Done!! Happy Computing. 


#C #GNU #GSL #computing #programming





How to install Compiler for C and GNU Scientific Library on Windows?

I often find that students are struggling to install a compiler for C and GNU Scientific Library (GSL) on their MS Windows machines. Sometimes Windows can behave weirdly while you try to install these tools. This happens mostly when you have installed and uninstalled lots of programs and packages. 

Here is a step-by-step guide to install 1) a compiler for C and 2) GSL on your Windows machine.

Installation of MinGW on Windows 10

1. MinGW is a native Windows port of the GNU Compiler Collection (GCC). Download the MinGW installer from SourceForge:

    https://sourceforge.net/projects/mingw/

2. Run the installer and follow the instructions on the screen.

3. The installer will install the MinGW installation manager. This is used for installing MinGW and to uninstall MinGW.

4. Run the installation manager. To start with we will install the basic setup.

    Select basic setup on the left-hand pane. 

    On the righthand pane for the package list, select each package one by one and mark those for installation (Right-click > Mark for Installation).

    Once all the packages are marked, install those: Installation > Apply Changes

5. Installation may take some time. Note that apart from MinGW, this process will also install MSYS. MSYS is a bash shell that we will use while compiling and running C codes.

6. On successful installation you may have the following directory structure:

    C:\MinGW

    Within this folder, you will find the MSYS subfolder. Find the msys.bat file.     For example, this may be at: C:\MinGW\msys\1.0\msys.bat

    Run this batch file (double-click) to get the bash shell. You can create a shortcut for this batch file and keep it at a suitable location, like the desktop.

7. Check MinGW installation by running a simple C code. For example, here is a 

code named as test.c

        #include <stdio.h>

        int main() {

                       printf("Hello, world!\n");

                       return 0;

        }

8.  To compile the code, you have to be in the folder with the code. Use cd to reach the appropriate folder. Note that we are now working in Bash shell (not in the Windows default command prompt). Therefore, in the pathname, we have to use / in place of \

9.  Compile the code: 

       gcc test.c -o testrun

10.  Run the code

       ./testrun

        If everything works fine, the program will print:

          $  Hello, world!


Installation of GSL on Windows 10

1. You must install MinGW with MSYS before installing GSL.

2. Download GSL:

    https://www.gnu.org/software/gsl/

3. Place the downloaded compressed file (named like: gsl-latest.tar.gz) in the MinGW folder. 

4. Start MSYS. We will now use MSYS for all the subsequent work.
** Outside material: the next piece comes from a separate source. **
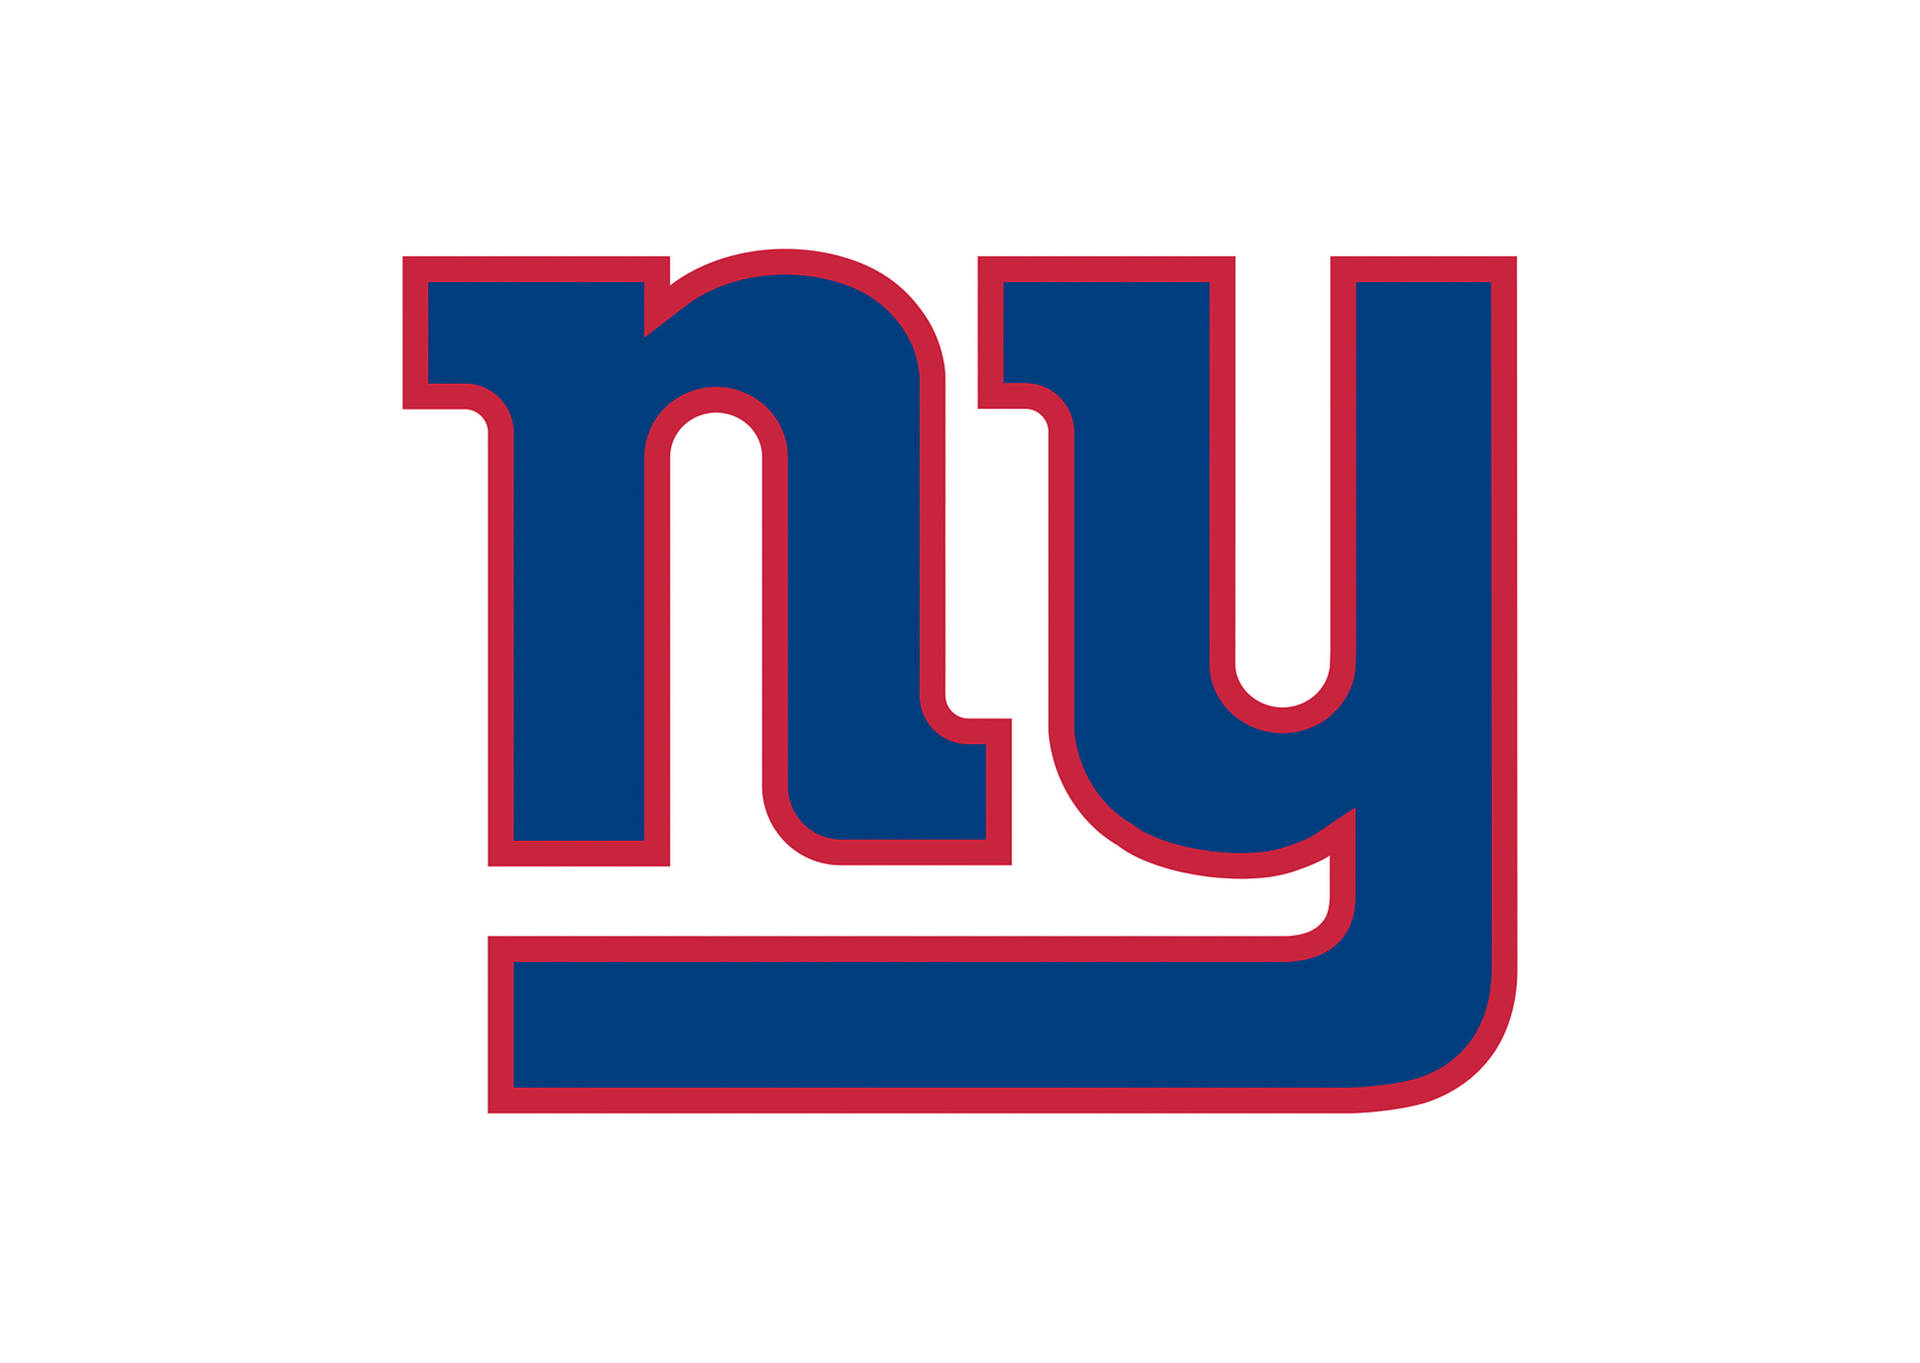 New York Giants 4225X3000 Wallpaper and Background Image
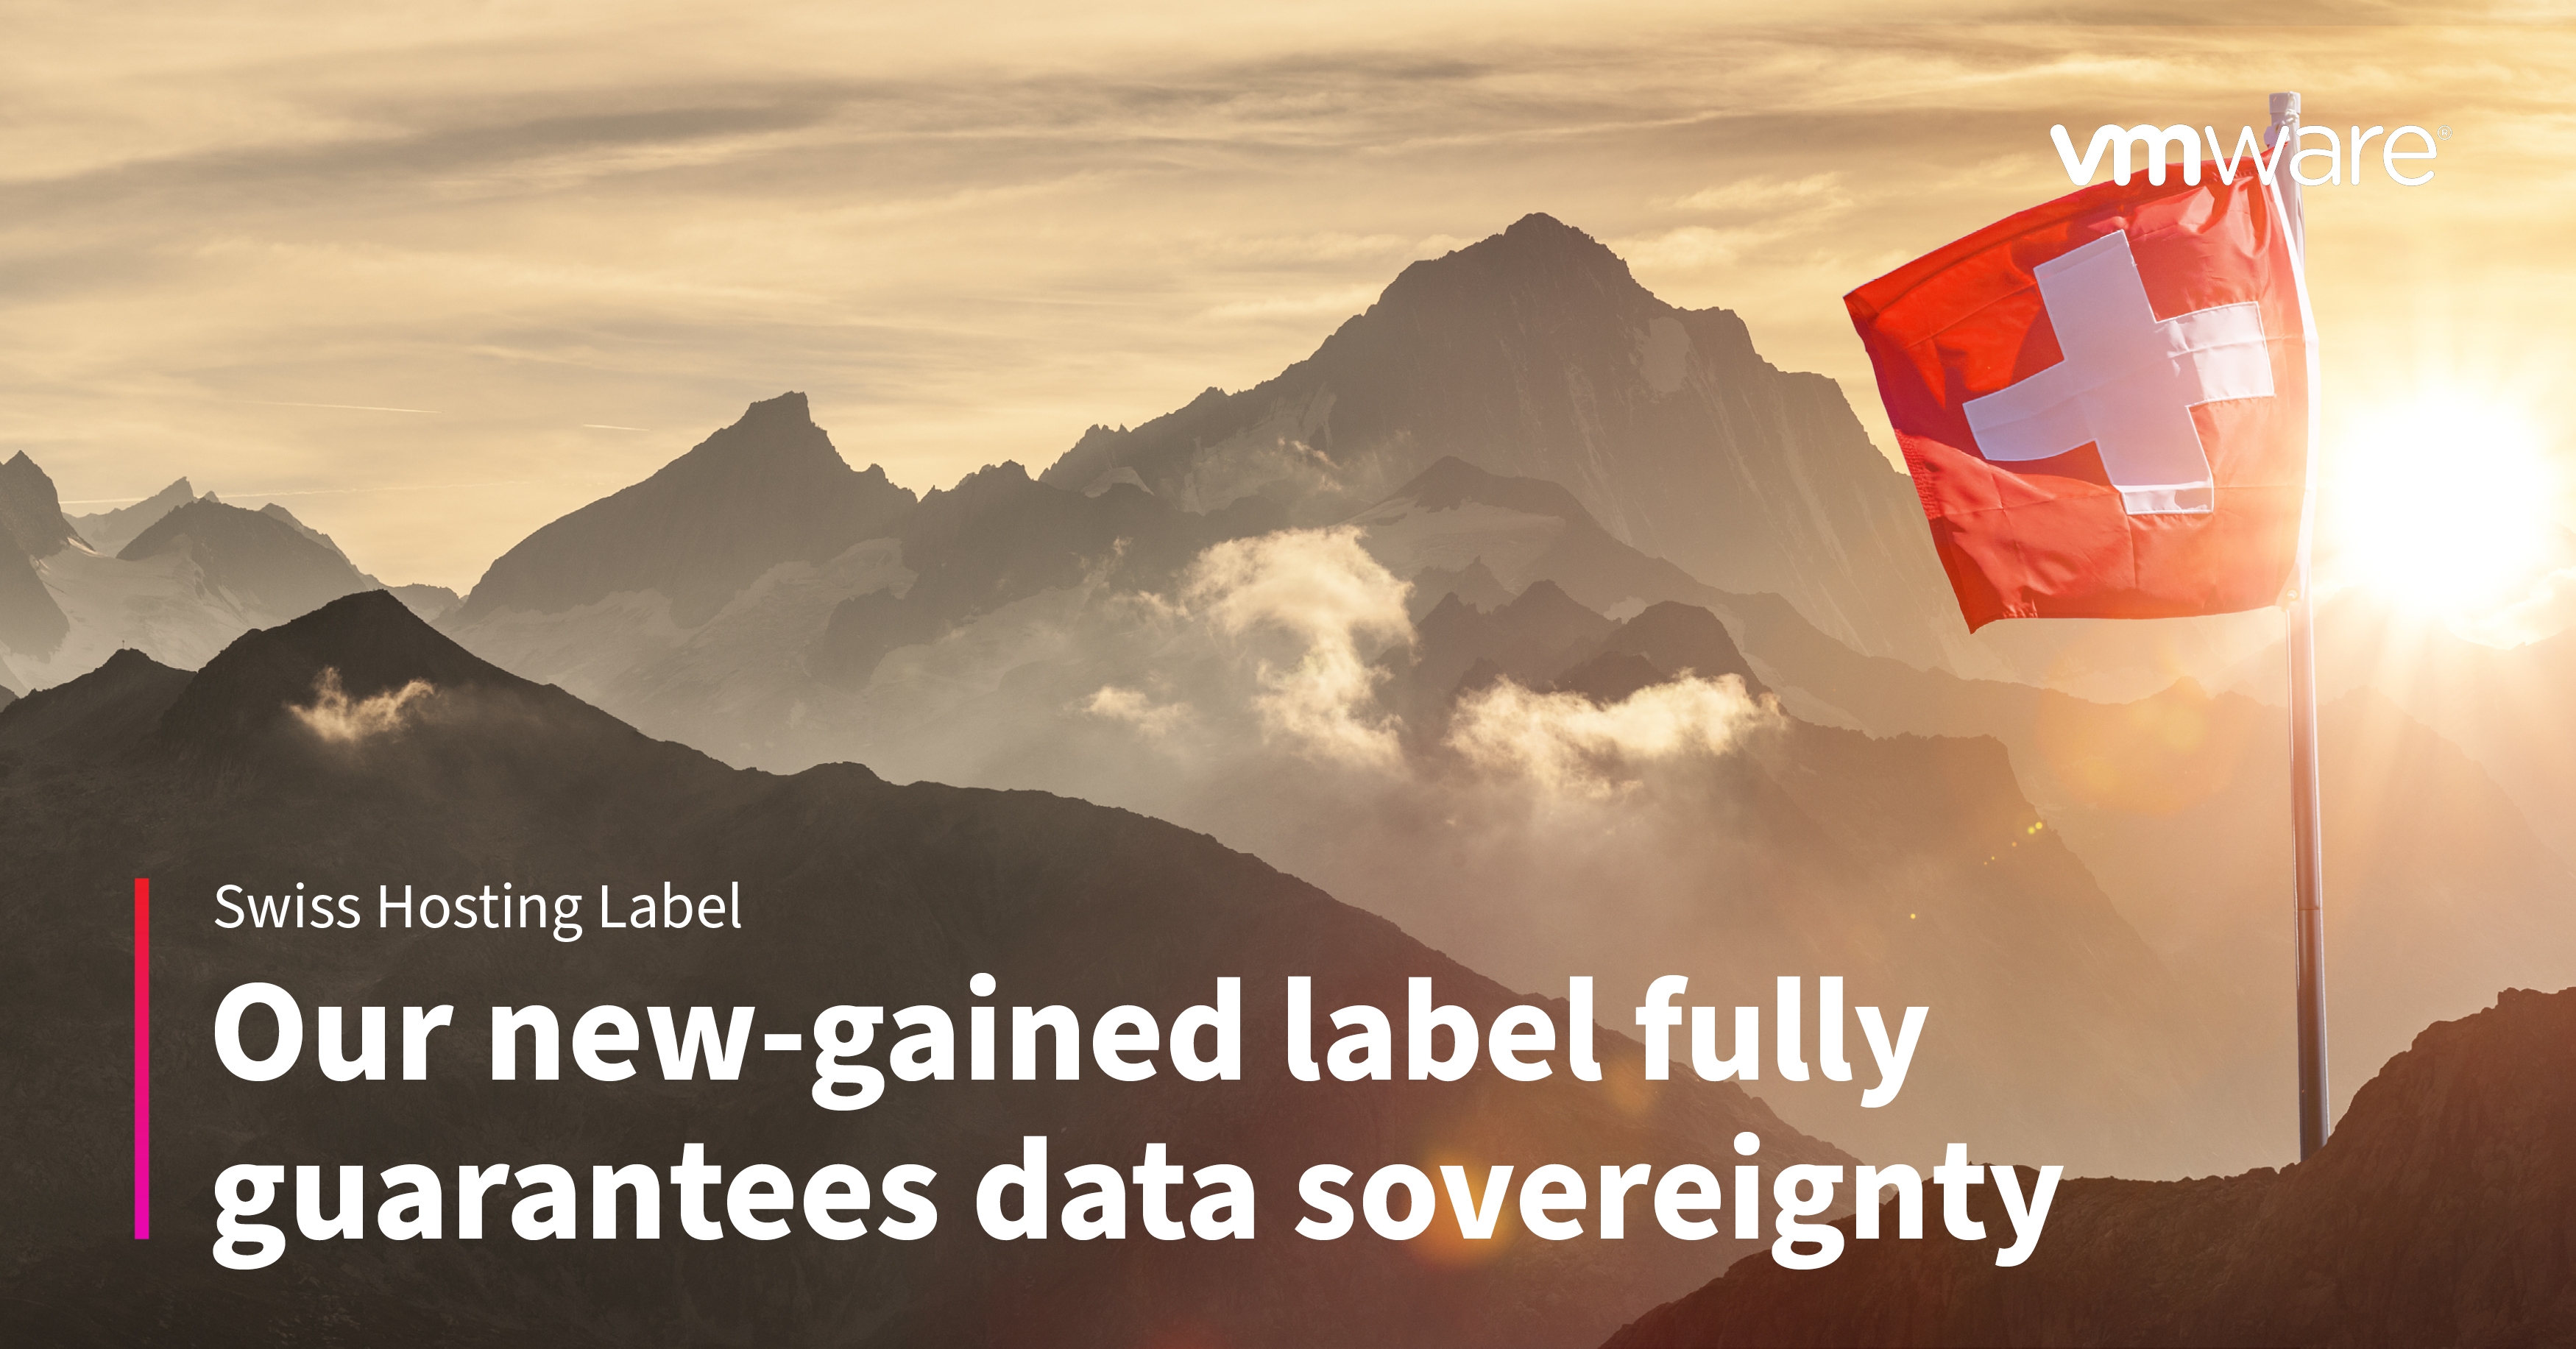 Our new-gained label fully guarantees data sovereignty

5. cd to the appropriate folder and extract the files:

    $ tar xzf gsl-latest.tar.gz

6. The files will be placed in a newly created folder, for example, gsl-2.6 

7. Move to that newly created folder:

   cd gsl-2.6

8.  Configure, make, and install GSL:

   $ ./configure

  $ make

  $ make install

Each of these steps takes some time. Wait for the completion of each step before executing the next. 

9.  Upon completion of installation you should find the GSL lib and include folders inside msys folder. For example:

    C:\MinGW\msys\1.0\local\include

    C:\MinGW\msys\1.0\local\lib

10.  Compile and run a C code that uses GSL. Again, we will use MSYS to compile and run the code. For example, here is the code for testgsl.c:

    #include <stdio.h>

    #include <gsl/gsl_sf_bessel.h>

    int

    main (void)

    {

        double x = 5.0;

        double y = gsl_sf_bessel_J0 (x);

        printf ("J0(%g) = %.18e\n", x, y);

        return 0;

    }

11.   To compile:

    $ gcc -I/usr/local/include -L/usr/local/lib   testgsl.c -lgsl -o testgslrun


(Note that depending upon how MinGW and GSL have been installed, we may not have to include -I/usr/local/include -L/usr/local/lib in the command for compilation.)

12.   Run the compiled code:

         $ ./testgslrun

This should print:

    $ J0(5) = -1.775967713143382900e-001 

Done!! Happy Computing. 


#C #programming #GSL #computing #compiler #gcc


Wednesday, November 06, 2019

What's In A Rule: Dissecting BODMAS



Ughh!! Not again! I muttered as I scroll through my Twitter feed. This post and similar virals keep popping in our Facebook and Twitter pages regularly. Every time, thousands reply. Many get it right, but most fail. I don’t curse. We do not do arithmetic in our day-to-day life, except for counting money or paying bills. Even then, we use calculators.  

By now, you must be saying- it’s elementary Watson. Don’t start a lecture on BODMAS.

No! not at all. Instead, we will explore the logic behind this rule and its origin.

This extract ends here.